# Work item
Each line below should be repeated exactly, but no picture should be carried over.

# Supplied data
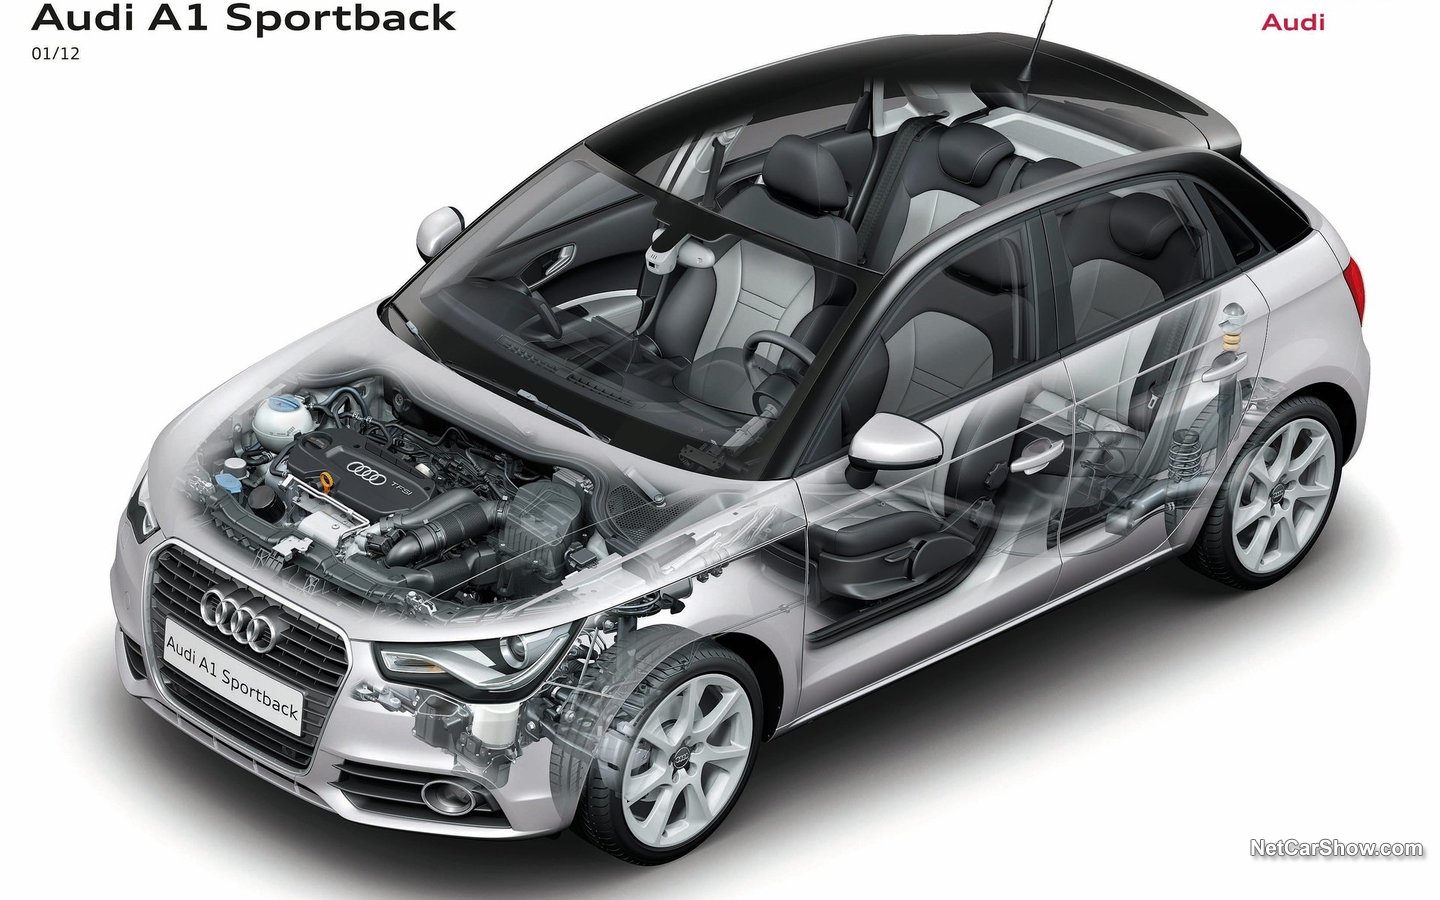 Audi A1 Sportback 2012 41d409ce
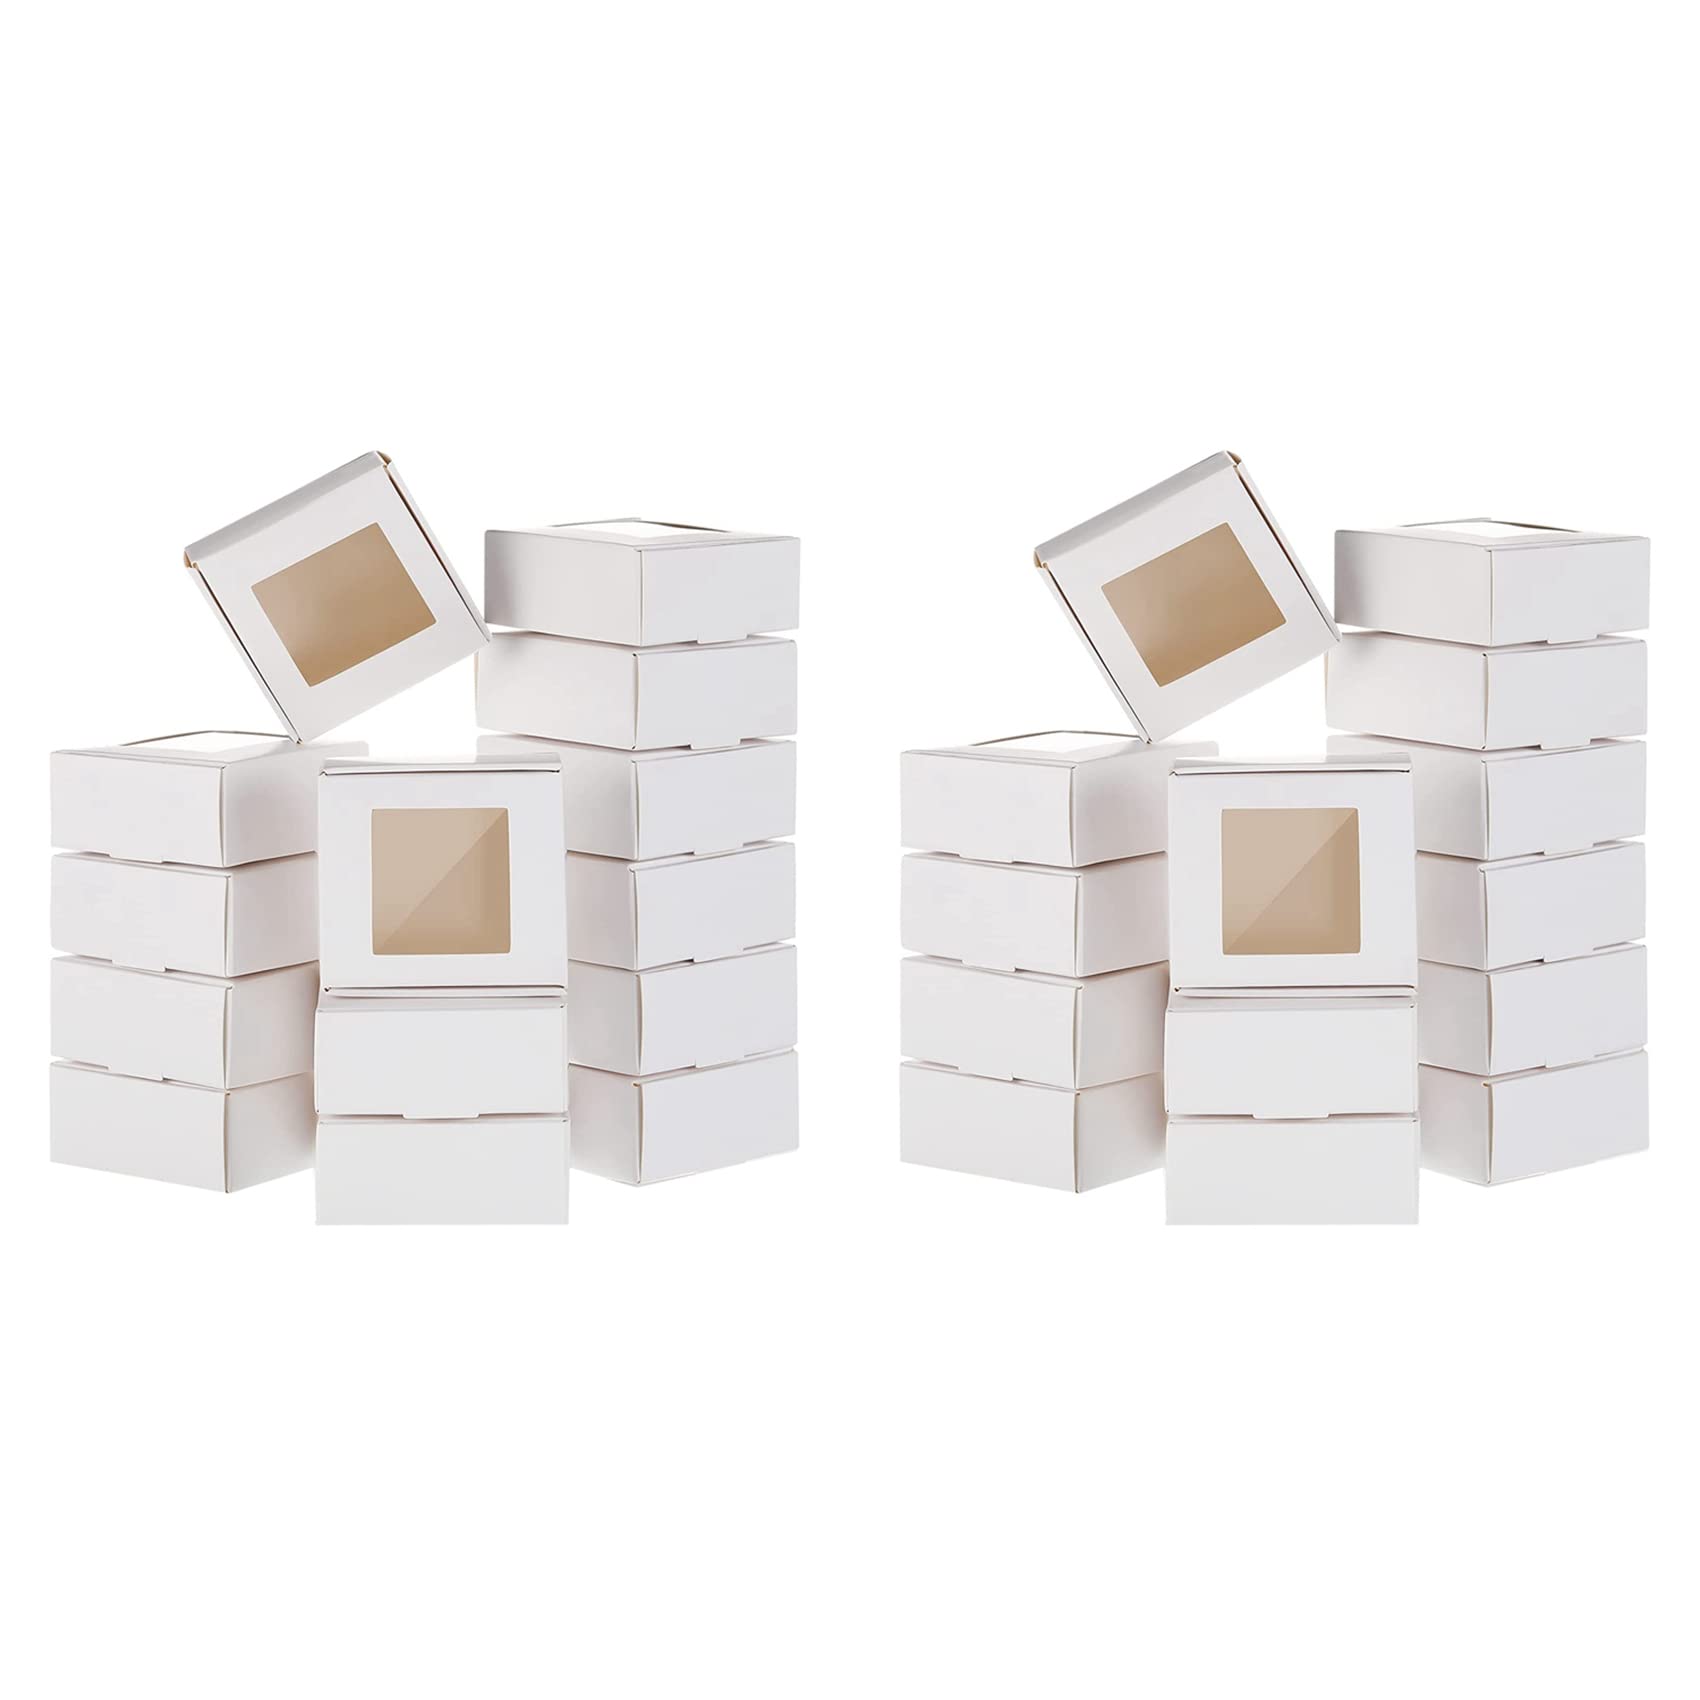 TPPIG 100 Stück Mini Kraftpapier Box mit Fenster Geschenk Verpackung Box Leckerli Box für hausgemachte Seife Leckerli Bäckerei Süßigkeiten (weiß)
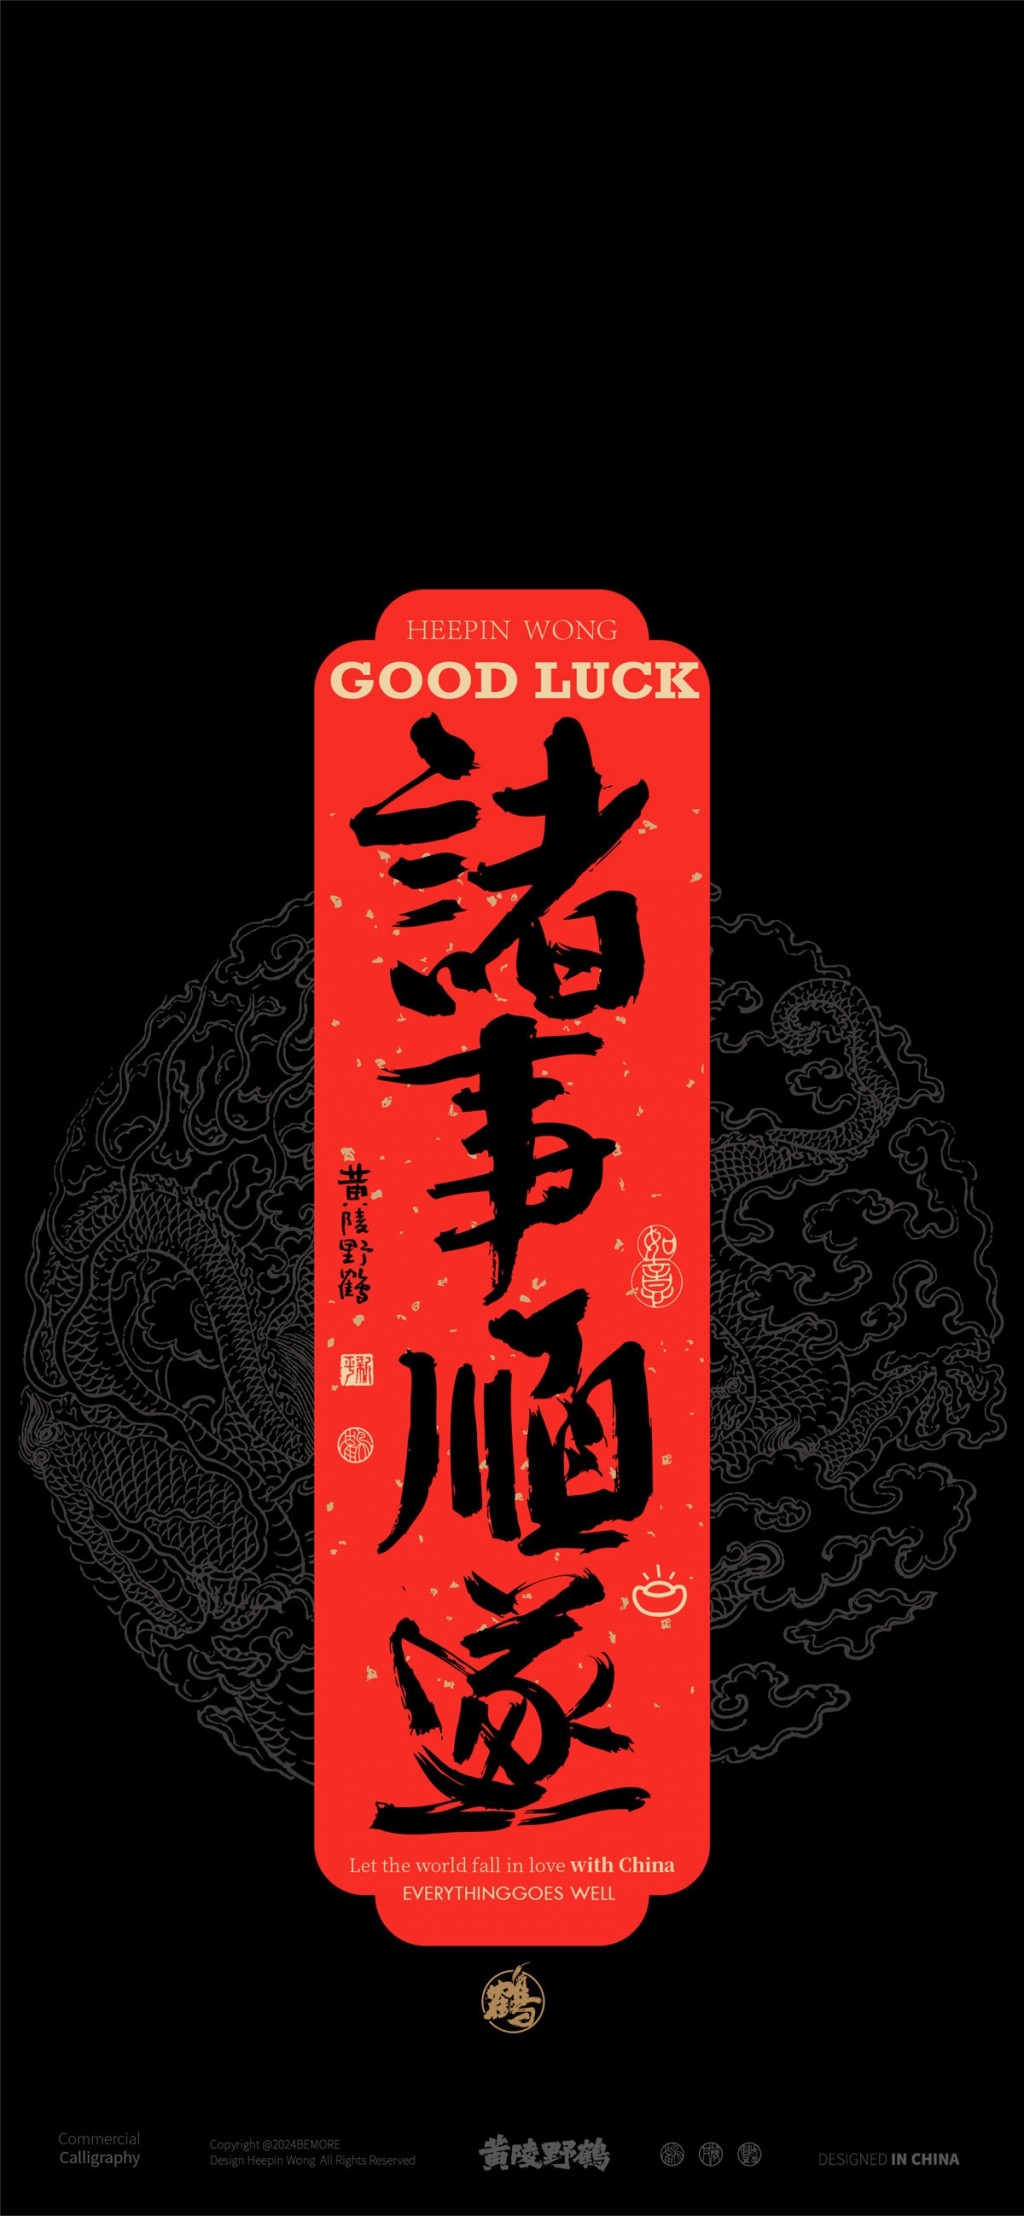 吉庆书法系列黑色背景手机壁纸
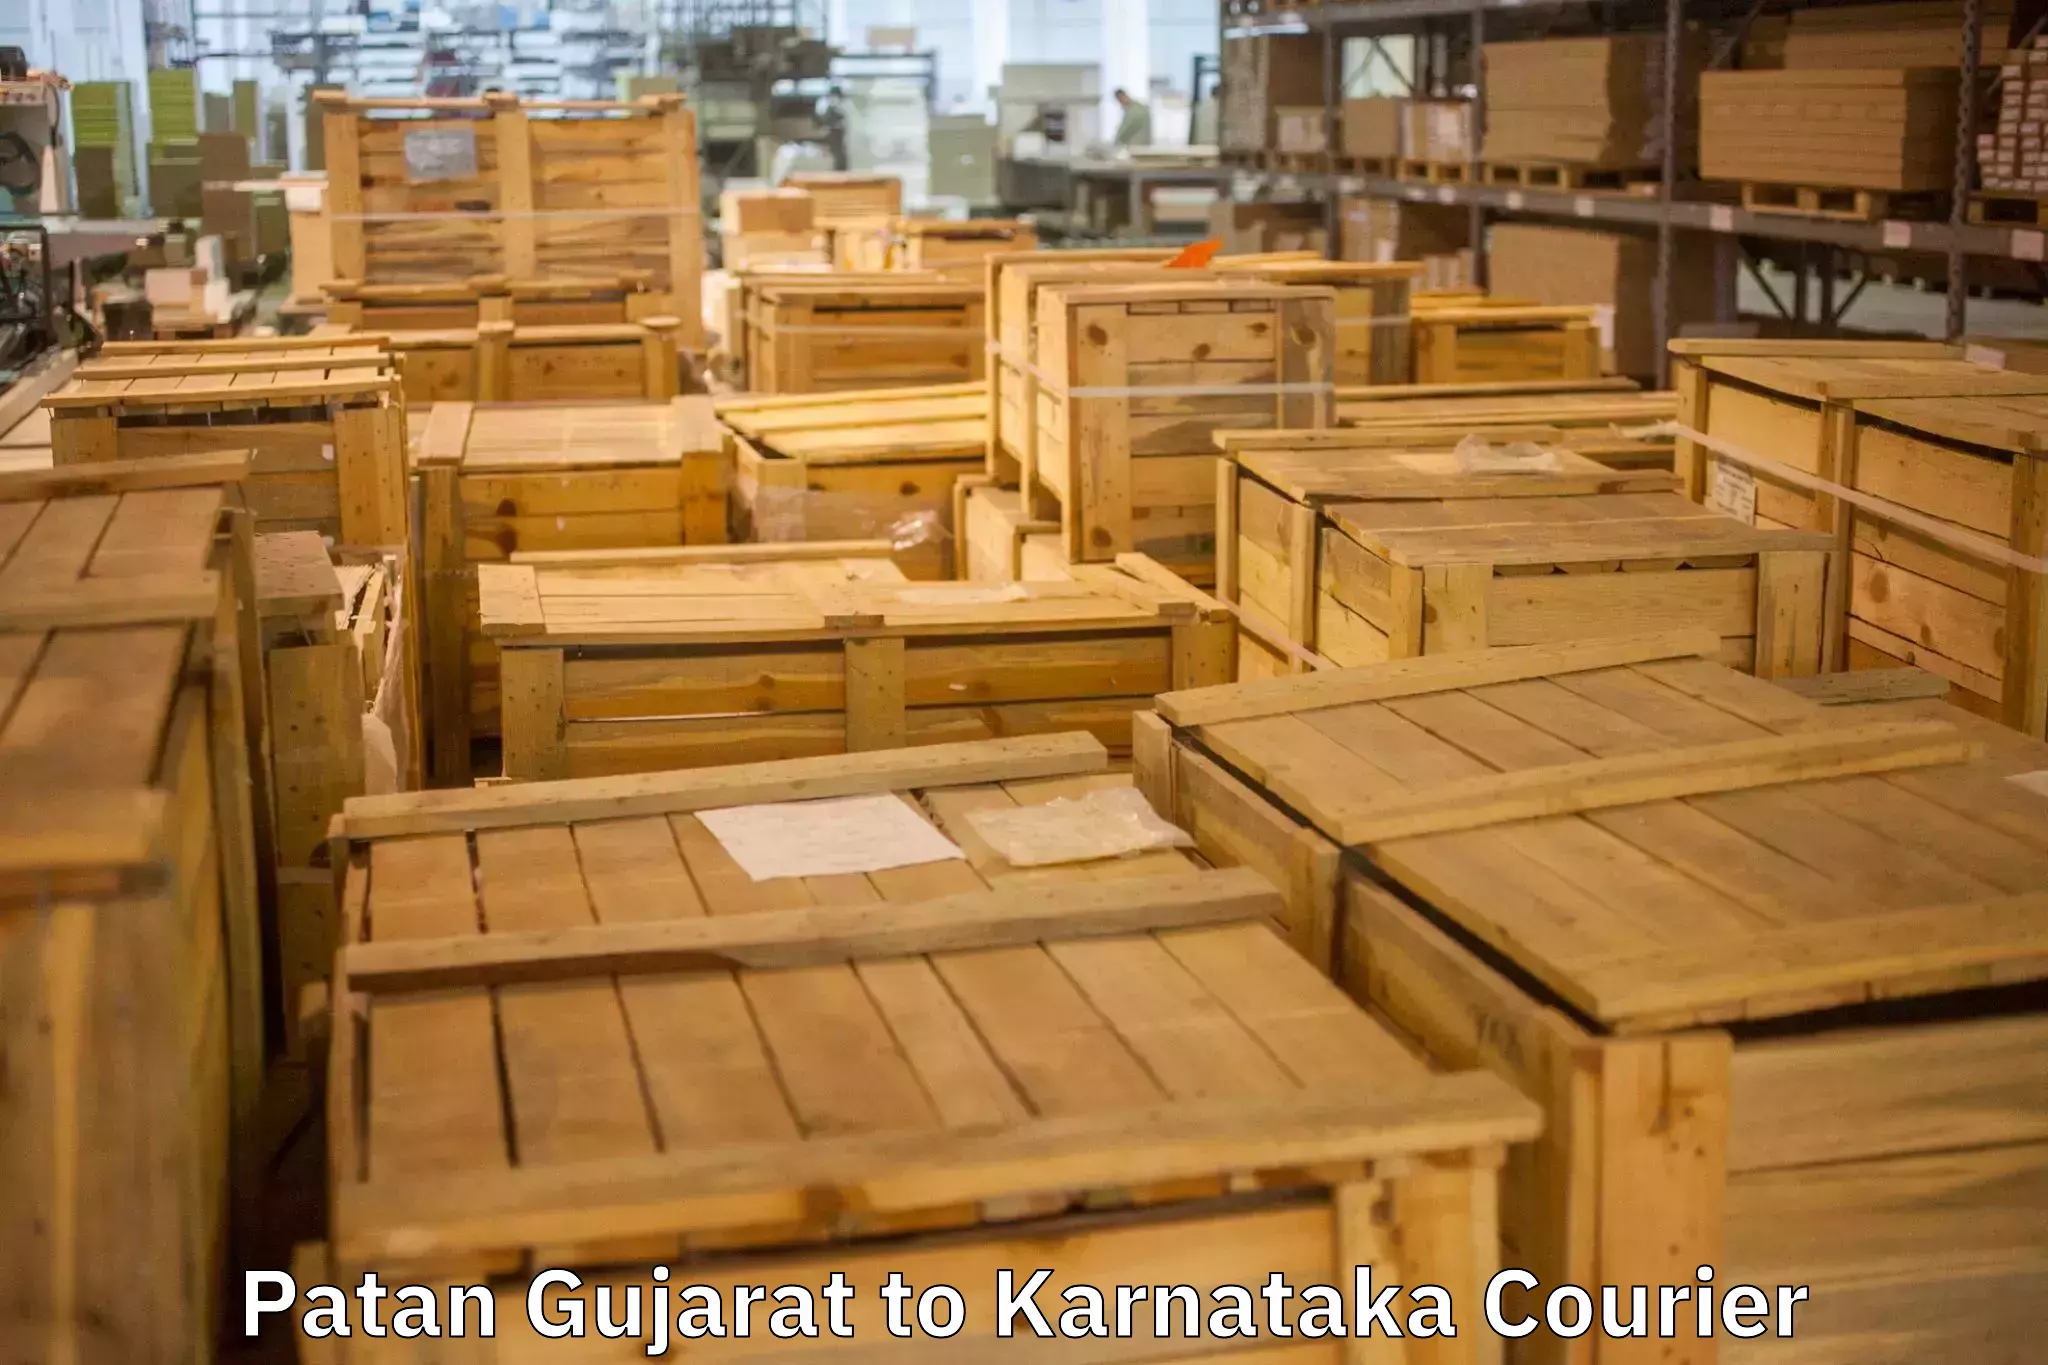 Expert goods movers Patan Gujarat to Belagavi

# Answer to this problem
 Audi A1 Sportback 2012 41d409ce
 TPPIG 100 Stück Mini Kraftpapier Box mit Fenster Geschenk Verpackung Box Leckerli Box für hausgemachte Seife Leckerli Bäckerei Süßigkeiten (weiß)
 吉庆书法系列黑色背景手机壁纸
 Expert goods movers Patan Gujarat to Belagavi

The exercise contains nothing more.